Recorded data
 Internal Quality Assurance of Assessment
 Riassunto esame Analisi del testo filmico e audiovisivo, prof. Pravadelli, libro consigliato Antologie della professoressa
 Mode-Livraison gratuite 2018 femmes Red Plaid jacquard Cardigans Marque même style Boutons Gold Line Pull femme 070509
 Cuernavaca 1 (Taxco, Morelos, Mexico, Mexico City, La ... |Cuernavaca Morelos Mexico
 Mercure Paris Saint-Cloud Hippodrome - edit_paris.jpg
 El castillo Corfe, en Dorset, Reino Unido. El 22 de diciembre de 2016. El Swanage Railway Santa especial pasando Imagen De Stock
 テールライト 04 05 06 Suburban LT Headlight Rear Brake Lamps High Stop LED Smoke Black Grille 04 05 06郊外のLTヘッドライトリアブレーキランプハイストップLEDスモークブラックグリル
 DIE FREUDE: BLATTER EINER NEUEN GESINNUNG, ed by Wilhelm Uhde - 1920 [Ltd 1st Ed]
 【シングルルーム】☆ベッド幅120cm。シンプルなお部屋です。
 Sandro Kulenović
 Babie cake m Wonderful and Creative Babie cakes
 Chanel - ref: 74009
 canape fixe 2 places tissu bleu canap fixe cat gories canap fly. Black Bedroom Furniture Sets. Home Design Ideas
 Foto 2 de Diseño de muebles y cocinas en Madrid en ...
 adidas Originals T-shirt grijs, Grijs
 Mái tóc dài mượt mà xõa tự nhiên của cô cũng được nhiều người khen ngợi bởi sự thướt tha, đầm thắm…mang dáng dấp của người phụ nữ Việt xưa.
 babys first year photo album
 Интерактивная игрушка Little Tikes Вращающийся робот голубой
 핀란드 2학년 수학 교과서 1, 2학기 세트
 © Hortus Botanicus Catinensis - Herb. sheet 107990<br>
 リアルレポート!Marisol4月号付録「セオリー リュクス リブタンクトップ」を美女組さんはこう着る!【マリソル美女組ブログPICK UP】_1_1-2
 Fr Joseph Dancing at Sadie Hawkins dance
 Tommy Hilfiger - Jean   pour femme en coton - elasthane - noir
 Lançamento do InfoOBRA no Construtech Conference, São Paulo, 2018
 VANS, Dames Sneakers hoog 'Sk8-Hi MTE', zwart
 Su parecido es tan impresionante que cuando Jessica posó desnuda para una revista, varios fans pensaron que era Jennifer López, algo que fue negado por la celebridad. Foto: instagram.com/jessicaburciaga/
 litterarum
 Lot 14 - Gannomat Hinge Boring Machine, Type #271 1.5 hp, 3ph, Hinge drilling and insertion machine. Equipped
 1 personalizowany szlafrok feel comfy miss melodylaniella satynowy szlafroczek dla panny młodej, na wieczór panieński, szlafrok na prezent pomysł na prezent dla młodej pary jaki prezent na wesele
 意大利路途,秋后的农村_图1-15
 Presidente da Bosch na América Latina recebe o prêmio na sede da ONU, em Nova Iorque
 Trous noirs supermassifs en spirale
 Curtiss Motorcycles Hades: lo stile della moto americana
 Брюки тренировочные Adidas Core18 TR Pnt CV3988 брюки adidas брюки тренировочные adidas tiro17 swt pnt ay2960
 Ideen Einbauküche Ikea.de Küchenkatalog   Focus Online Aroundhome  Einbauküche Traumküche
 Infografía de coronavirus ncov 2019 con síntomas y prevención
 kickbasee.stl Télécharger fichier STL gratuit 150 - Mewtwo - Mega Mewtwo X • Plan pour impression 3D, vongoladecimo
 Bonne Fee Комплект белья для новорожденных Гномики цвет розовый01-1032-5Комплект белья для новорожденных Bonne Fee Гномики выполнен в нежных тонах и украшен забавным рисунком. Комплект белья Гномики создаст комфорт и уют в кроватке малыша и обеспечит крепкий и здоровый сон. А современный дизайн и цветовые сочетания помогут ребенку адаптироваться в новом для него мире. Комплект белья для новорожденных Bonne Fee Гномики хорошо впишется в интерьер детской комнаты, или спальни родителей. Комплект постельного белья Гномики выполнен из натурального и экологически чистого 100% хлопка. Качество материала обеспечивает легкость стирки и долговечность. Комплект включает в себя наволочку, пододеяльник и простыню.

• Work to be completed:
Your answer should be the lines above, from the line containing "babys first year photo album" up to and including the line containing "kickbasee.stl Télécharger fichier", reproduced exactly and with nothing else.

• Output for this exercise:
 babys first year photo album
 Интерактивная игрушка Little Tikes Вращающийся робот голубой
 핀란드 2학년 수학 교과서 1, 2학기 세트
 © Hortus Botanicus Catinensis - Herb. sheet 107990<br>
 リアルレポート!Marisol4月号付録「セオリー リュクス リブタンクトップ」を美女組さんはこう着る!【マリソル美女組ブログPICK UP】_1_1-2
 Fr Joseph Dancing at Sadie Hawkins dance
 Tommy Hilfiger - Jean   pour femme en coton - elasthane - noir
 Lançamento do InfoOBRA no Construtech Conference, São Paulo, 2018
 VANS, Dames Sneakers hoog 'Sk8-Hi MTE', zwart
 Su parecido es tan impresionante que cuando Jessica posó desnuda para una revista, varios fans pensaron que era Jennifer López, algo que fue negado por la celebridad. Foto: instagram.com/jessicaburciaga/
 litterarum
 Lot 14 - Gannomat Hinge Boring Machine, Type #271 1.5 hp, 3ph, Hinge drilling and insertion machine. Equipped
 1 personalizowany szlafrok feel comfy miss melodylaniella satynowy szlafroczek dla panny młodej, na wieczór panieński, szlafrok na prezent pomysł na prezent dla młodej pary jaki prezent na wesele
 意大利路途,秋后的农村_图1-15
 Presidente da Bosch na América Latina recebe o prêmio na sede da ONU, em Nova Iorque
 Trous noirs supermassifs en spirale
 Curtiss Motorcycles Hades: lo stile della moto americana
 Брюки тренировочные Adidas Core18 TR Pnt CV3988 брюки adidas брюки тренировочные adidas tiro17 swt pnt ay2960
 Ideen Einbauküche Ikea.de Küchenkatalog   Focus Online Aroundhome  Einbauküche Traumküche
 Infografía de coronavirus ncov 2019 con síntomas y prevención
 kickbasee.stl Télécharger fichier STL gratuit 150 - Mewtwo - Mega Mewtwo X • Plan pour impression 3D, vongoladecimo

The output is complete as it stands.